Recently, I read about a local school district in another state that banned Maus, a graphic novel about the Holocaust. When I first read Maus, I was prepared to dislike it as a graphic novel that could inadvertently trivialize the Holocaust. I was wrong. The format didn’t undermine the teaching of the Holocaust; it somehow helped students understand the Holocaust.
Imagine my surprise when I learned that the book had been banned. I re-read it. I wanted to see the offensive language and pictures that had led to the book banning and wanted to understand what was more offensive than the killing of 6 million Jews and millions of others who had been considered inferior races of people to the Nazis. I found nothing that deserved to be banned.
Maus isn't the only book to be banned lately.

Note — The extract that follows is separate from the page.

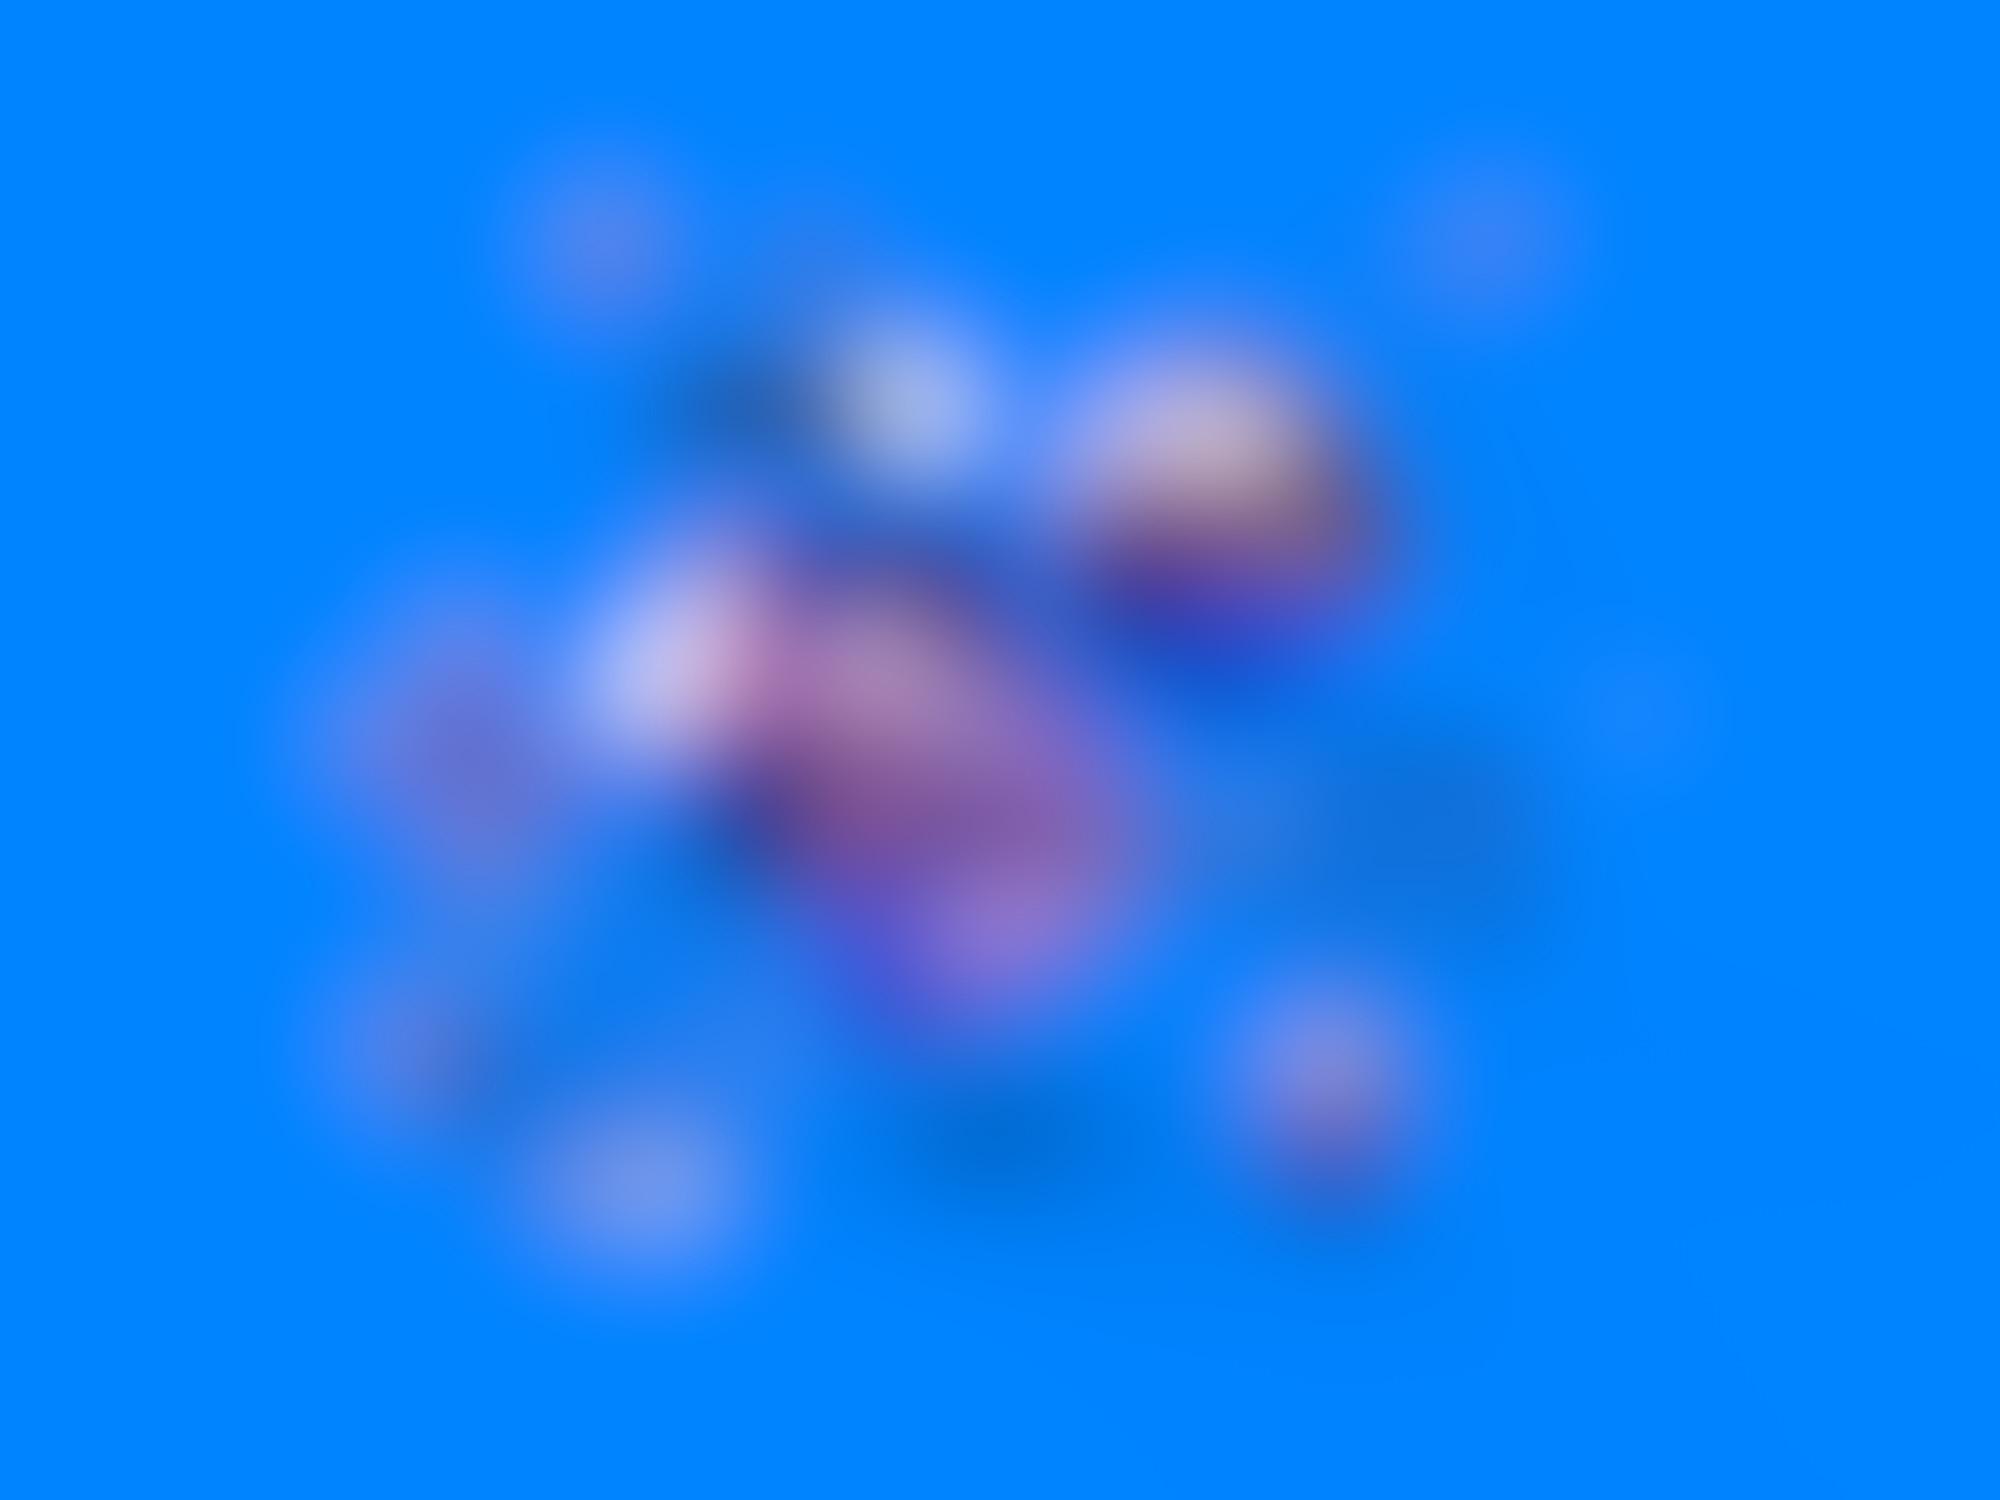 12 autocompressfitresizeixlibphp 1 1 0max h2000max w3 D2000q80s753fe0f6f9dc9c4a72ee33b9272af788

Like Langston Hughes, the late black author Toni Morrison was also born this month: February 18. Morrison won a Pulitzer Prize in 1987 for her novel Beloved and a Nobel Prize in Literature in 1993. Yet that didn’t stop her books, including The Bluest Eye and Song of Solomon, from being banned in some schools across the country.
The long-time failure in some cases to recognize diverse literature and comprehensive history instruction — including the teaching about history of race and racism — and the deliberate exclusion of diverse literature and comprehensive history instruction in other cases do a disservice to our children, who need to learn broadly about the literature and history of their country… and others’ countries as well.
To say that we shouldn’t teach about the superiority of one people over another may seem legitimate, until one reflects that the Holocaust, slavery, Jim Crow, and other aspects of our history were founded on the indefensible belief that some are superior to others.
To teach about these and many other aspects of history is not for the purpose of making anyone uncomfortable, but the history may inevitably make many uncomfortable. So, too, though, the ignoring or plowing under of history leaves its own marks, far more enduring, far worse.